**Required action**
Reproduce the entries shown below only from the line with "méditer personnes. femelle" down to the line with "Apex Rectangle Progressive Glasses - Gray", keeping both end lines and copying each one exactly.

**Material to process**
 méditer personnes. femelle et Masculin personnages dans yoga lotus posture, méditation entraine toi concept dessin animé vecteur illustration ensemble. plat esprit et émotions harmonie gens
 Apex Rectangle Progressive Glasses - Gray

* * *

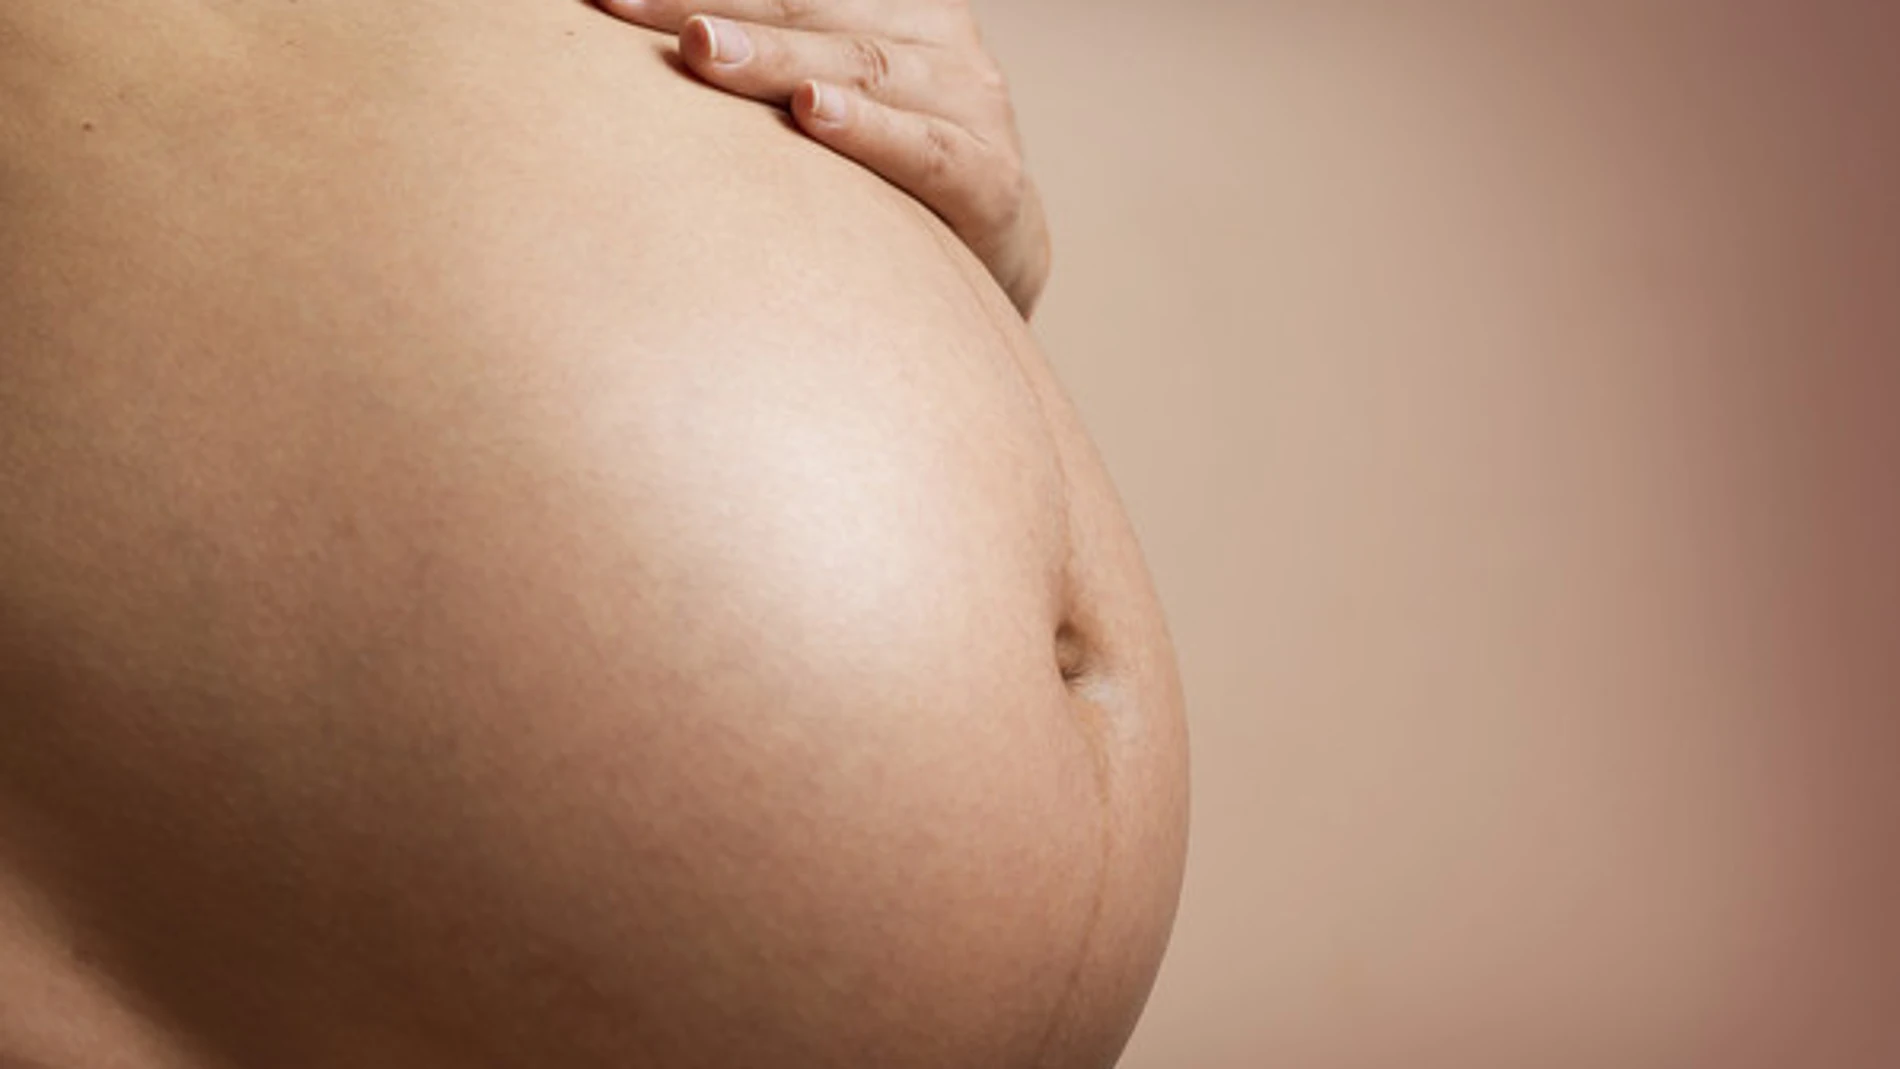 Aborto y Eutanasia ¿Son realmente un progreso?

**Response to the exercise**
 méditer personnes. femelle et Masculin personnages dans yoga lotus posture, méditation entraine toi concept dessin animé vecteur illustration ensemble. plat esprit et émotions harmonie gens
 Apex Rectangle Progressive Glasses - Gray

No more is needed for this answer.